Already on GitHub? Sign in to your account

New cache layout broke VS code plugin #4069

Closed
ry opened this issue Feb 21, 2020 · 48 comments
Closed

New cache layout broke VS code plugin #4069

ry opened this issue Feb 21, 2020 · 48 comments

Comments

@ry
Copy link
Member

ry commented Feb 21, 2020

Previously Deno cached HTTP resources in a directory structure that was similar to the URL

It looked like this

$DENO_DIR/deps/https/deno.land/std/examples/curl.ts

This was a very simple and nice system as it's very obvious how URLs map to the cache. VS code plugin made assumptions about this layout.

However we discovered there are some URLs that don't easily map to this structure - in particular URLs with query strings, or URLs that don't have a file extension but serve TS/JS. (See #4030)

So now we use a cache structure which is flat and hashes URL

$DENO_DIR/deps/https/deno.land/11d2ae31f7817c87b53893788205d431da511568dcd7bb9c363c6e52fb21a7fd

The VS Code plugin is very important - so let's figure out how to resolve this problem.

cc @axetroy @bartlomieju

@kitsonk
Copy link
Contributor

kitsonk commented Feb 21, 2020

What if there was a manifest in $DENO_DIR/deps that contained information like:

{
  "https://deno.land/foo/bar.ts": "https/deno.land/11d2ae31f7817c87b53893788205d431da511568dcd7bb9c363c6e52fb21a7fd"
}

Potentially more data could be cached in the key, like if there were redirects from the requested URL to the final one.

@bartlomieju
Copy link
Member

Using manifest file was my initial thought, but we decided to skip it because URLs are consistently hashed. Adding such file, should not be a big problem though.

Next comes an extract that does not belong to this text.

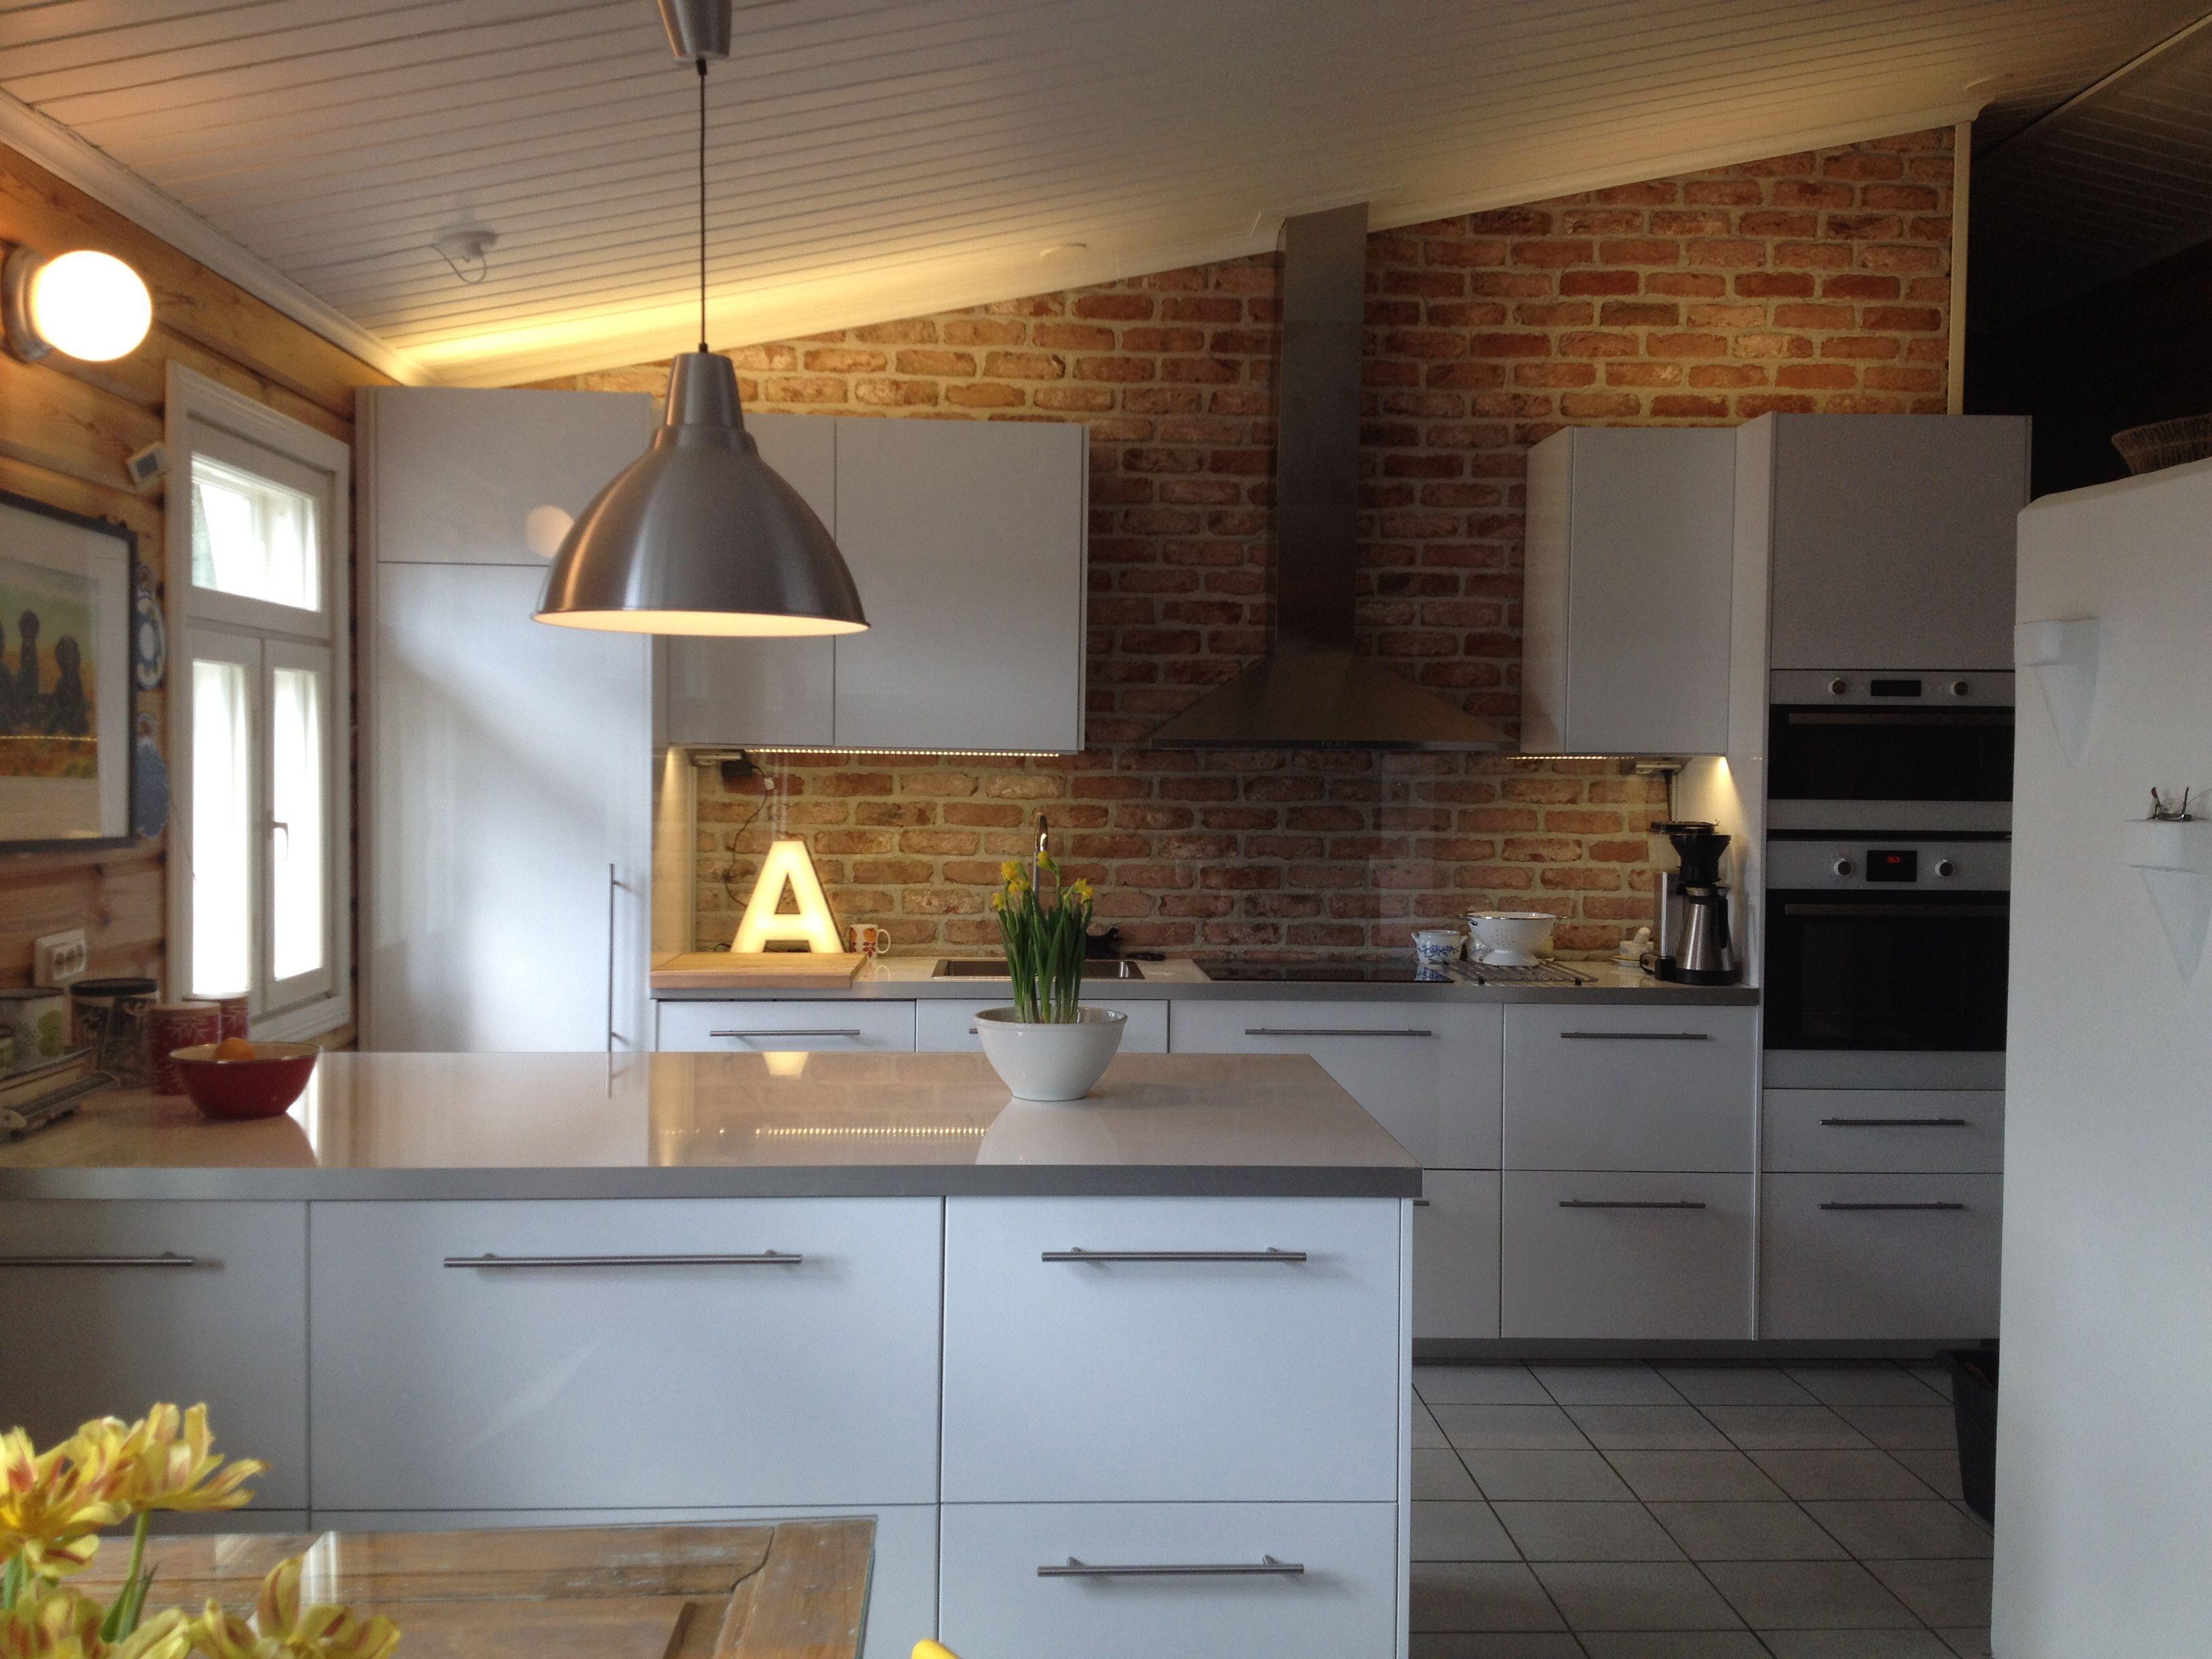 Tiiliseinä lisää luonnetta selkeälinjaisessa keittiössä. #etuovisisustus #keittiö

Waiting for @axetroy to let us know what are requirements for extension to make it work

@axetroy

This comment has been minimized.

@axetroy

This comment has been minimized.

@axetroy

This comment has been minimized.

@lucacasonato
Copy link
Member

@axetroy I secondary benefit of the hashed files was that it would fix the collision between importing 'example.com/mymodule' and 'example.com/mymodule/mod.ts', because before this would not work because 'directory could not be created because a file with name mymodule already exists'.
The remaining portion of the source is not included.